What Bouldering Taught me About Business

Bouldering

I’m a huge fan of bouldering. It’s challenges both body and mind, forcing you to use energy wisely and maintain control of movement and breathing. Nimbleness and wit are just as essential as strength, an addictive combination for any problem solver.

While upside down in contemplation, attempting a meager “4” my friend had just completed, I began to consider that the nature of bouldering mirrors that of business.

As a climber, you stare at the bouldering wall, eyeing your different routes in the same way you would eye different strategies or career paths. Some clearly have higher barriers to entry than others. Others provide the same level of difficulty, but in a unique format. Each provide a challenge.

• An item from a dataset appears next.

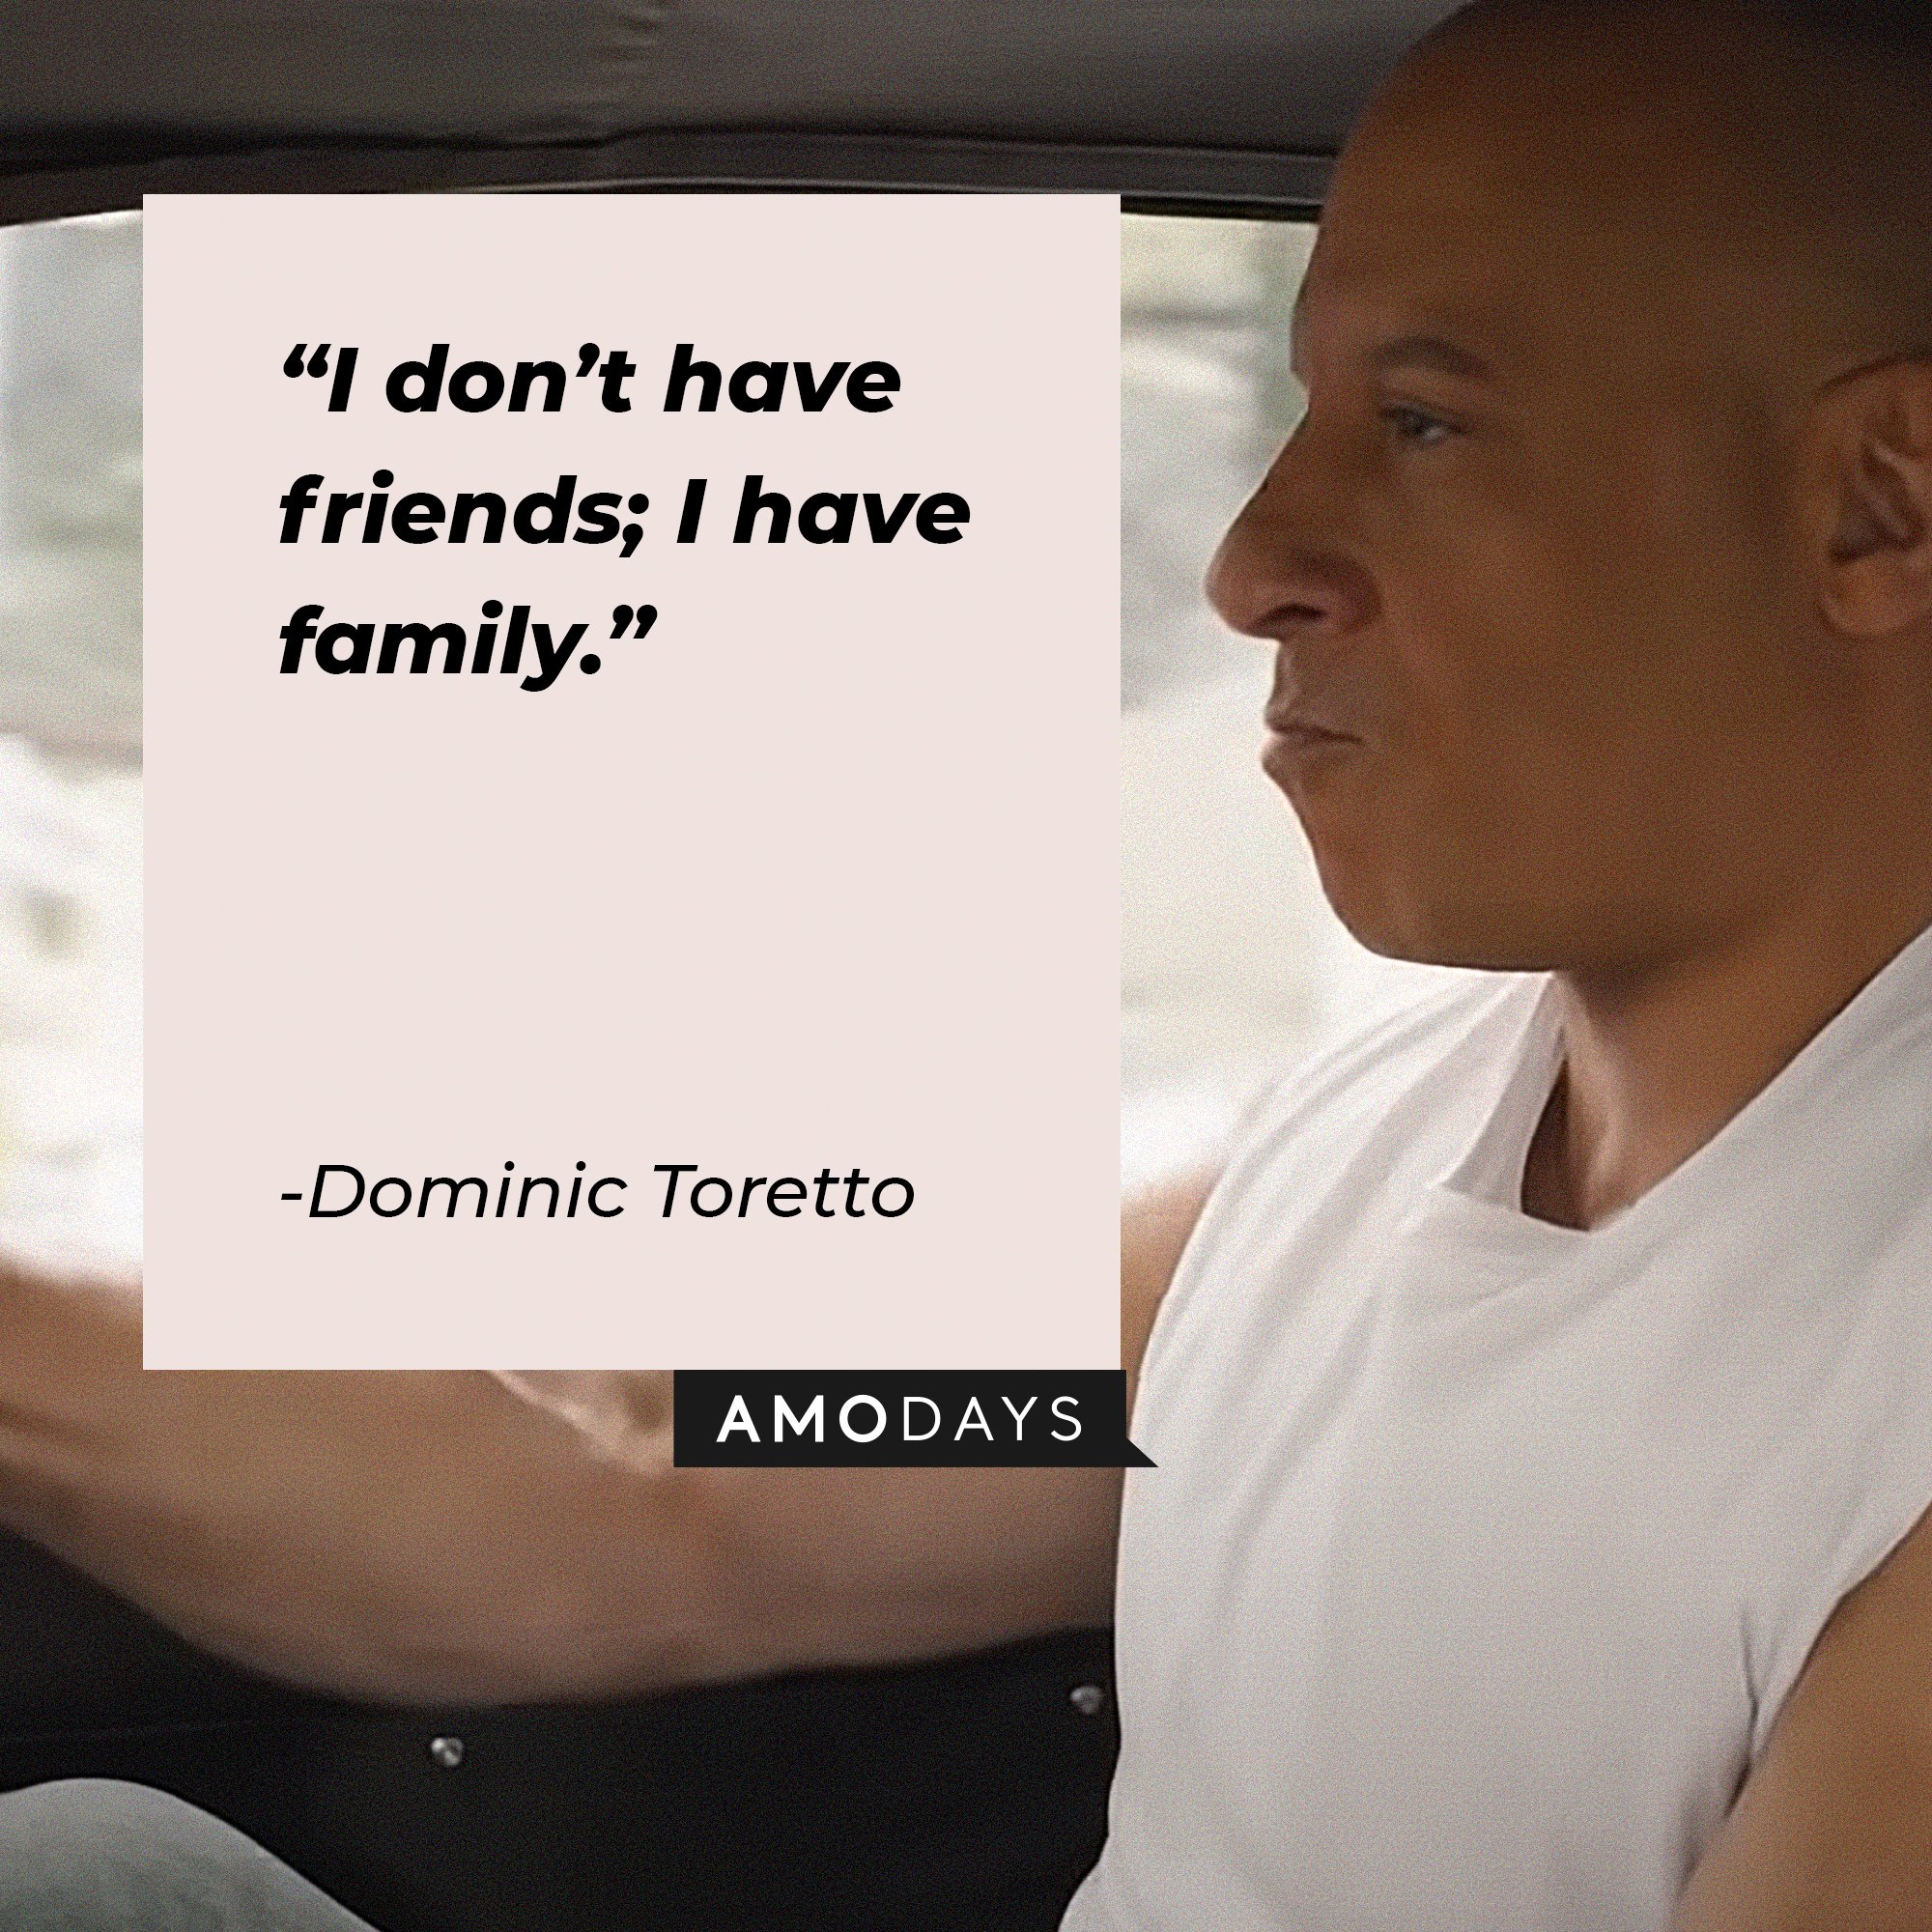 Dominic Toretto’s quote: “I don’t have friends; I have family.” │Image: AmoDays

Once you get to climbing, the real parallels come into play.

Business can often like you’re clinging to a wall with all your might. Obstacles like delays, customer support snafus, or dealing with difficult team members can give that same sense of “losing grip.” Serious problems, like those that affect your financial wellbeing, gives the same pit in your stomach feeling as your about to fall.

And in the same way that these obstacles operate as the grips and holds for climbers, which can be mastered, so can the challenges you find in business.

Some are easier to see ahead, grab on to, and move on from, especially at the early stages. But with more difficult routes, you find that you need to use more than just wide-palmed strength to get you through things – you also need your mind. A failure to bring synergy to strength and technique ultimately means failure, and falling from the wall. What’s more, sometimes you just can’t master a hold until you’ve failed at it a few times.

It was there, when I was upside down and falling, that bouldering helped me then understand a key lesson in business:

Success requires both a mastery of many obstacles and dedication to learning, even if it means failing at times.

In the same way you cannot expect yourself to be able to master a difficult route the first time in the gym, you cannot expect to master difficult elements of business the first time around either. It doesn’t mean you can’t do them – it means you needs put in the time to learn the fundamentals of the hold, practice, and then execute.

Do you find any parallels in your life to the challenges of business? What are they and how have they taught you to advance yourself?